This is the mail archive of the
mailing list for the GCC project.
Re: The new scheduler and x86 CPUs
- To: Vladimir Makarov <vmakarov at toke dot toronto dot redhat dot com>
- Subject: Re: The new scheduler and x86 CPUs
- From: Jan Hubicka <jh at suse dot cz>
- Date: Wed, 29 Aug 2001 14:22:30 +0200
- Cc: jh at suse dot cz, gcc at gcc dot gnu dot org
- References: <200108282041.QAA00552@toke.toronto.redhat.com>
> Unfortunately, a more powerful model should be used to model
> out-of-order processors. It is possible to describe it by DFA
> (reorder buffer, register renaming), as possible to describe context
> free language (with constraints on level of nested constructions) by
> regular expressions. But the result automaton will be huge and will
> be built forever. As for your example, if the number repetition is
> fixed (say 10) you could describe it as
> decode, (none | none * 2 | none * 3 | ... | none * 10), execute, ...

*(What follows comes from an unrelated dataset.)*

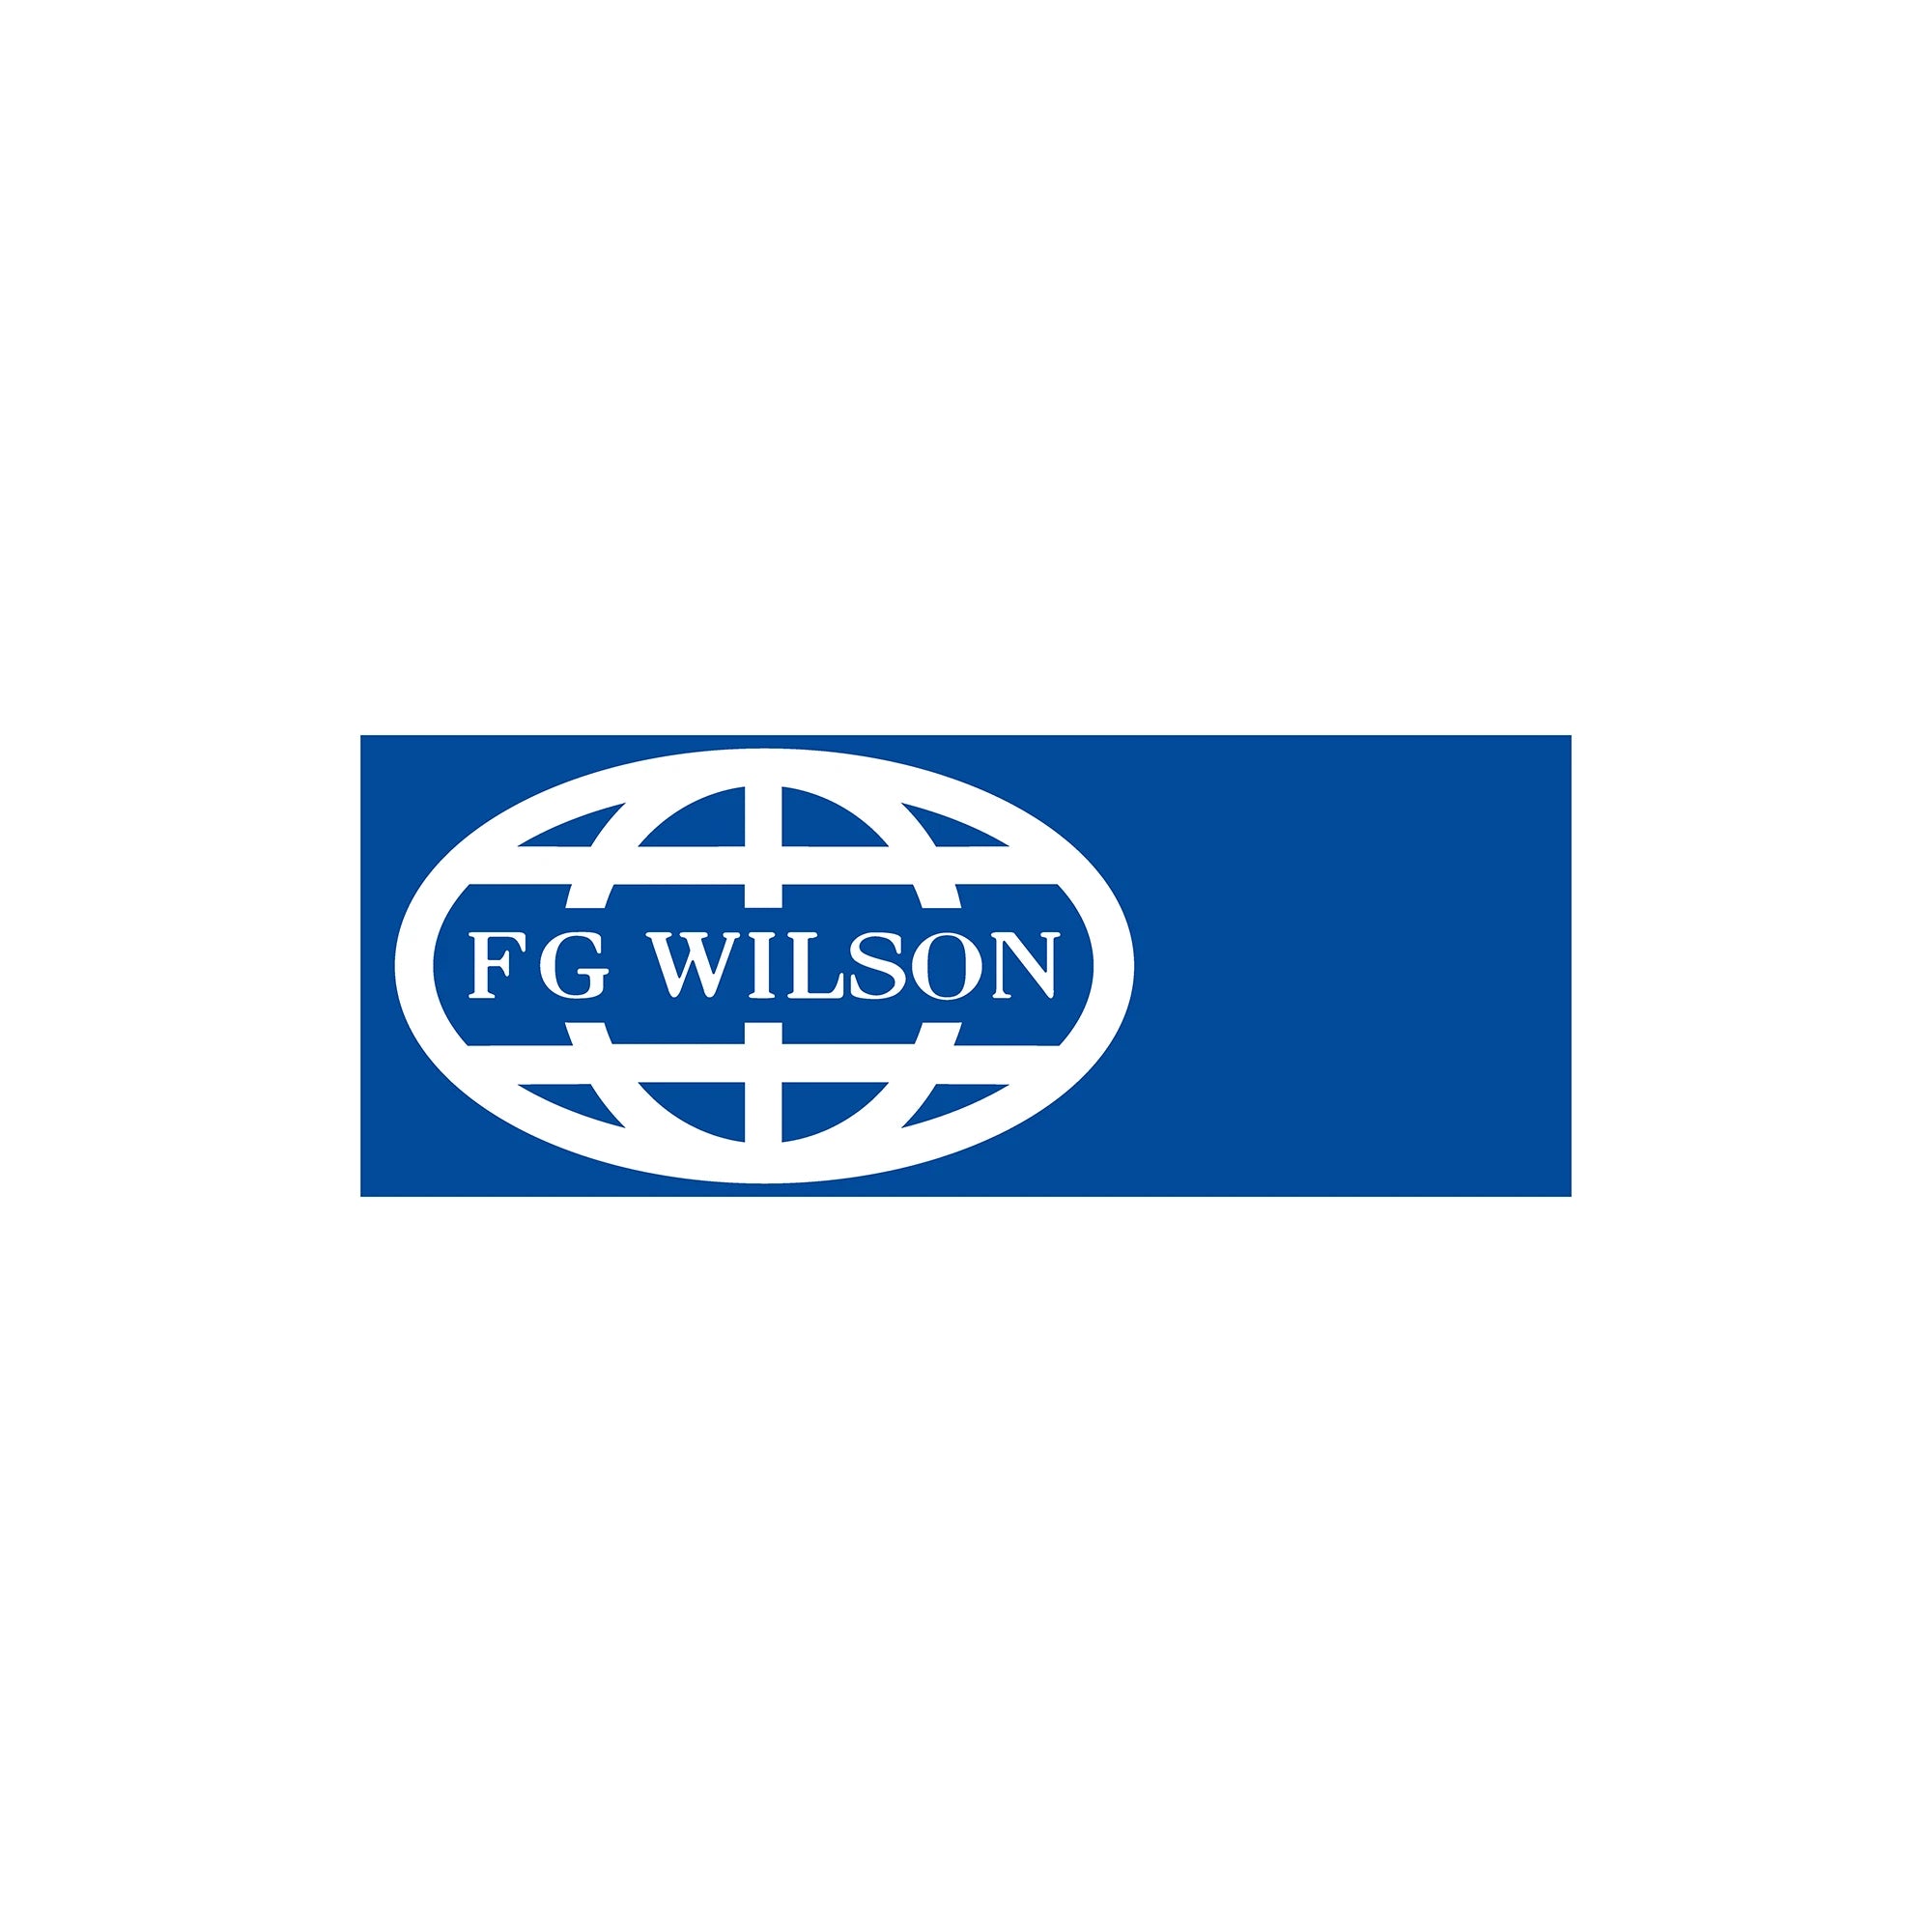 FG Wilson Parts - Mitchell Webshop

> But even in this case, the result automaton will be big and several
> automata should be used.
Hmm, crazy solution :)
> Usually fetch and decode stages of the insns execution are not
> described. For classical RISC architecture they are the same and can
> be ignored. It results in a smaller automaton too. As for
> out-of-order speculative processor, on my opinion they can be ignored
> too, because it is not the bottleneck in the processor (designers make
> the insn buffer long enough).
Actually most current x86 CPUs do have bottleneck in insn decoding. The decoders
behave in a way that when simple instructions are paired (or trippled) they
decode faster than if they are interleaved by complex instructions.
Athlon can decode up to 3 simple instructions per cycle or one vector
We do use MD_SCHED_REORDER hacks for PentiumPro to get instructions ordered
well. In the past I've implemented same hacks for K6, where benefits were
noticable (as it were really bottlenecked in this area), but the change
never got in.
For Athlon I don't do that and simply model the conflict between vector
and fast decoded instructions, but it is not ideal solution too.
(just easier to write :)
> Although Bob Morgan in his book "Building an optimizing compiler"
> wrote "The compiler should schedule the insns as if the processor were
> not an out-of-order execution processor. The more effective this
> schedule is, the larger the size of the effective insns buffer.", the
> insn scheduling gives small improvement for out-of-order speculative
> processor. The best what I've seen is less 2% for a SGI MIPS10000
Oh yes, the benefits are relativly small, but for x86 CPUs it is still
important to first get good decoder troughput and second schedule for
latencies. As the latencies are gettling large, and the reorder buffer is often
almost empty, the CPU is not always able to mask them.
In fact most x86 CPUs rely on bad code - in case code does lots of long latency
stuff (such as memory loads/stores), the reordering goes well. For internal
loops that fits in registers the picture appears to be different.
For instance in Atlas benchmark, gcc 3.0 schedules incorrectly the loads
causing 50% slowdowns on Athlon. Just slightly more exact scheduling
(saying gcc that the load followed by load+execute isntructions can
start immediately in case first load does not load the address) avoids
> So with my point of view, very accurate descriptions is not worth of
> efforts to write it. You could spent weeks on very accurate
> descriptions of insn reservations and get 0.1% in code improvements.
> This is especially true for out-of-order speculative processors.
> Actually I don't like out-of-order/speculative processors. It is
> solution for pure people which can not afford to write a good compiler
> requiring huge investments. It is a dead end approach. The more
> registers and issue rate, the more percent of logic is needed for
> control of out-of-order, speculative execution. Intel understood
> this. They have a decent compiler and gcc is far behind it. We
> should worry about this.
Hope that this will change some time in the future.
> I'll think about this. Probably I'll implement your proposal if I
> have time for this. Now I am going to
Thanks a lot!
> 1. Speed up pipeline hazard recognizer when many automata are used.
> Now the speed of the recognizer is proportional to the number of
> automata even if big part of the automata are not used. It is
> neccessary for targets with many subtargets (e.g. MIPS) where
> different automata are used for different subtargets.
> 2. Implement generation of unions of automata states which is
> necessary to more accurate insn scheduling and software pipelining
> in joint CFG points.
OK, I see you do have more important thinks to work on first ;)
> I'd use one define reservation and several bypasses for different
> latencies with all the rest insns. The bypasses should have guards
> (functions which decides that the bypass is valid for the insn pairs).
> I feel that we need more flexible mechanism for this case. I'll
> think about it.
> Thanks for your proposals and feedback.
You are welcome. Thanks for considering my ideas!